Clinical Trial Details
— Status: Enrolling by invitation
Administrative data
NCT number |
NCT05952401 |
Other study ID # |
202307051 |
Secondary ID |
P50CA244431 |
Status |
Enrolling by invitation |
Phase |
N/A
|
First received |
|
Last updated |
|
Start date |
May 31, 2024 |
Est. completion date |
December 1, 2024 |
Study information
Verified date |
May 2024 |
Source |
Washington University School of Medicine |
Contact |
n/a |
Is FDA regulated |
No |
Health authority |
|
Study type |
Interventional
|
Clinical Trial Summary
This is a pilot trial to examine the feasibility and preliminary effect of a multilevel
intervention 'Nudges to Quit' on smoking cessation in patients with serious mental illness
who smoke in a community mental health center (CMHC). "Nudges to Quit" is a multilevel
intervention to increate engagement of patient, case worker, and pharmacist with tobacco
treatment. The pilot trial is to generate the needed evidence for designing a future large
trial to evaluate the effect of 'Nudges to Quit' as a multilevel intervention to increase
tobacco treatment and reduce tobacco use among patients with serious mental illness.
Description:
The overarching goal of this pilot project is to reduce the disparity in the treatment of
tobacco use among individuals with serious mental illness (SMI) with low burden, multi-level
implementation strategies, an important need reflected in existing evidence and a recent
survey of community needs. Individuals with SMI have a much higher smoking prevalence (60%
vs. 15%) and die 25 years earlier compared to the general population. Despite the fact that
SMI patients express interest in and have success with evidence-based smoking cessation
treatment, inadequate provision of treatment in community mental health centers (CMHCs)

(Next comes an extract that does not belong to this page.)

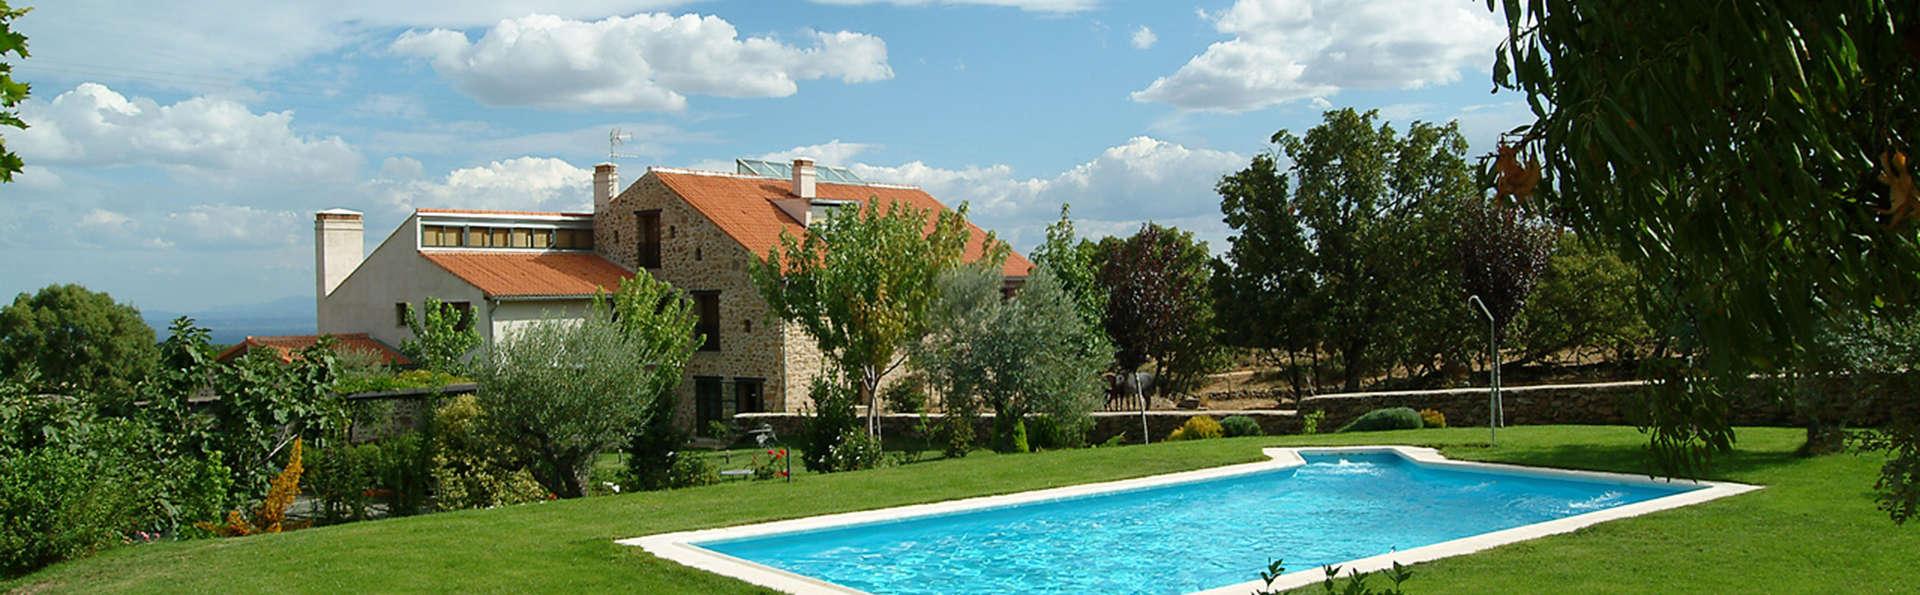 Hotel El Turcal - EDIT_pool.jpg

contributes to the high smoking prevalence and related health consequences among the mentally
ill. The pilot trial aims to understand the feasibility and preliminary effects of a
multilevel intervention "Nudges to Quit," designed to increase patient, case worker, and
pharmacist engagement with tobacco treatment in a community mental health clinic setting.
Therefore, the investigators propose a pilot randomized trial of 60 patients. Patients will
be randomized with 1:1 allocation to usual care vs. intervention "Nudges to Quit". All
patients will receive pre-appointment tobacco treatment needs assessment (t1) with patient
input as decision support for their care team. For patients in the intervention arm, their
care team (case worker and pharmacist) will receive nudge reminders based on patient-reported
tobacco treatment need assessment to offer tobacco treatment. For patients in the usual care
arm, the team will proceed with usual care and receive the intervention at 3 months
post-enrollment (t2) to ensure all participants will receive benefit from the intervention
with variation in timing. All patients will receive a baseline (t1), 3 month (t2), and 6
month follow-up survey (t3). In Aim 1, the investigators will test the effect of nudges on
patient receipt of tobacco treatment. The investigators hypothesize patient receipt of
tobacco cessation treatment such as medication and counseling will be higher after delivery
of nudges over usual care. In Aim 2, the investigators will test the effect of nudges on
smoking behaviors. The investigators hypothesize smoking behaviors will be positively
effected in the nudges to quit group compared to usual care. In Aim 3, the investigators will
evaluate the feasibility and preliminary effect of this pilot project for a future R01
proposal to systematically evaluate this multilevel intervention adapted for CMHCs.